Mantas Fridrikas

Personal information
- Date of birth: 13 September 1988 (age 37)
- Place of birth: Lithuania
- Height: 1.86 m (6 ft 1 in)
- Position: Centre back

Senior career*
- Years: Team / Apps / (Gls)
- 2005–2006: Atletas Kaunas
- 2007–2012: FBK Kaunas / 68 / (4)
- 2012: FC Fyn
- 2012: FBK Kaunas / 5 / (0)
- 2013: Šiauliai / 29 / (0)
- 2014: Žalgiris Vilnius / 3 / (0)
- 2015: Utenis Utena / 31 / (1)
- 2016: Kauno Žalgiris / 14 / (0)
- 2017: DFK Dainava / 24 / (0)
- 2017–2018: Atlantas / 24 / (0)
- 2018–2019: Panevėžys / 38 / (1)
- 2020–2022: Hegelmann Litauen / 80 / (2)

International career
- 2007–2010: Lithuania U-21 / 13 / (0)
- 2010: Lithuania / 1 / (0)

= Mantas Fridrikas =

Lithuanian footballer

Mantas Fridrikas (born 13 September 1988) is a retired Lithuanian footballer who played as a centre back.

==Career==
Fridrikas made eight appearances and scored one goal for FBK Kaunas during the 2007 season.

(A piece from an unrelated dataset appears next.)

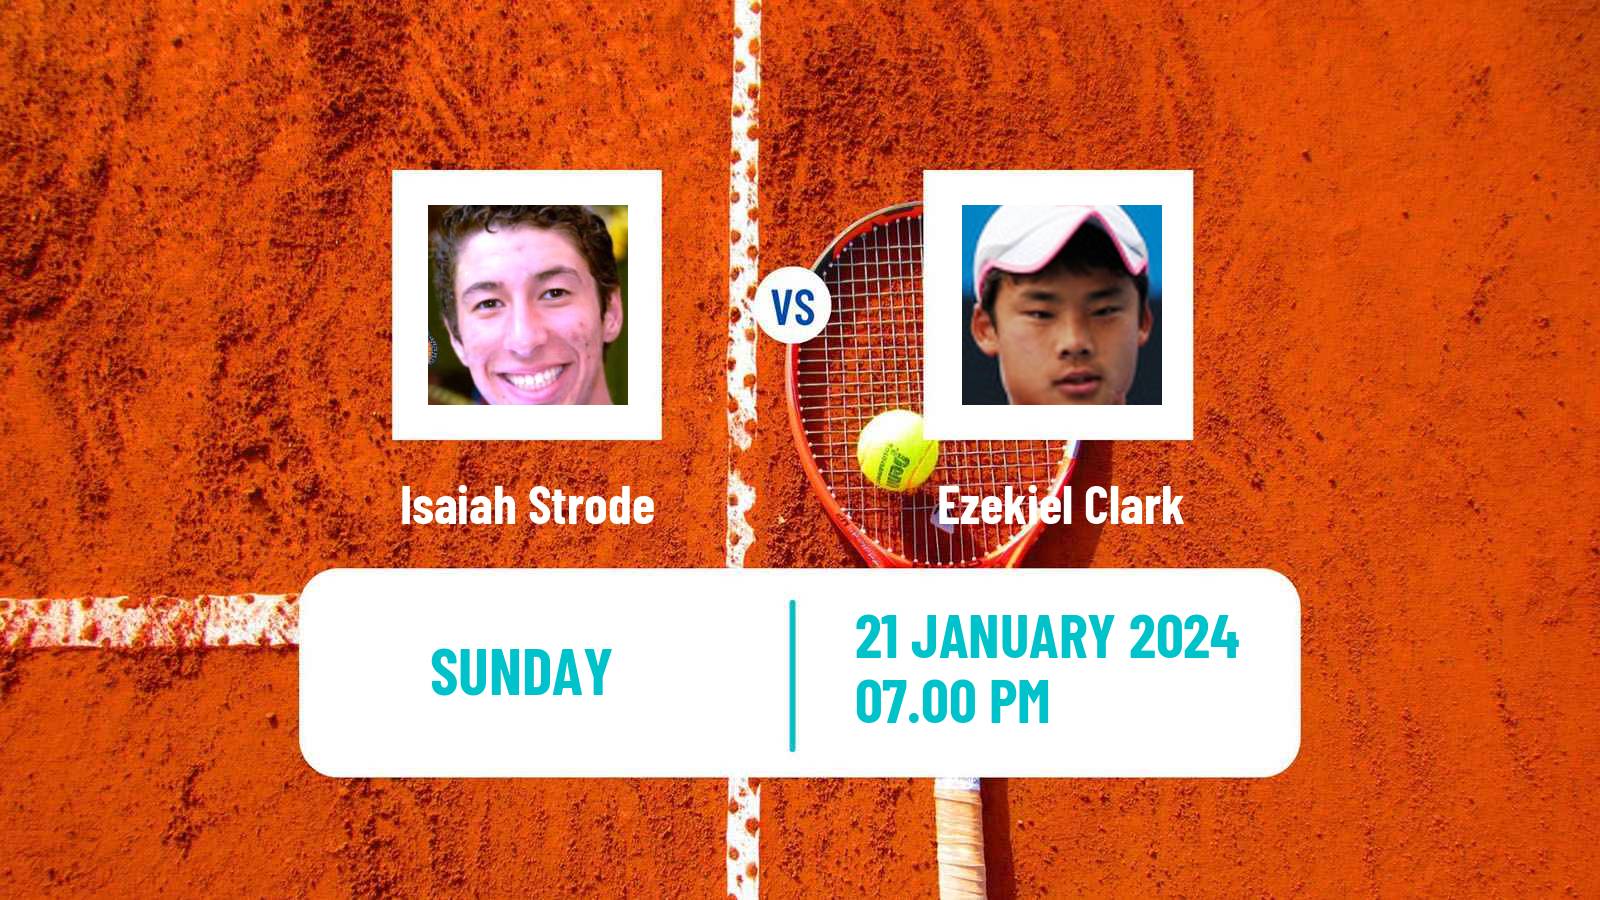 Tennis Indian Wells 2 Challenger Men Isaiah Strode - Ezekiel Clark

Fridrikas was hoping to move to Scottish Premier League side Heart of Midlothian in January 2009.

Later plays for FC Fyn as a defender.

From 2017 he played in FK Atlantas Klaipėda.

From 2018 summer in FK Panevėžys.

==Personal life==
Fridrikas' father Robertas and his half-brother Lukas are also professional footballers.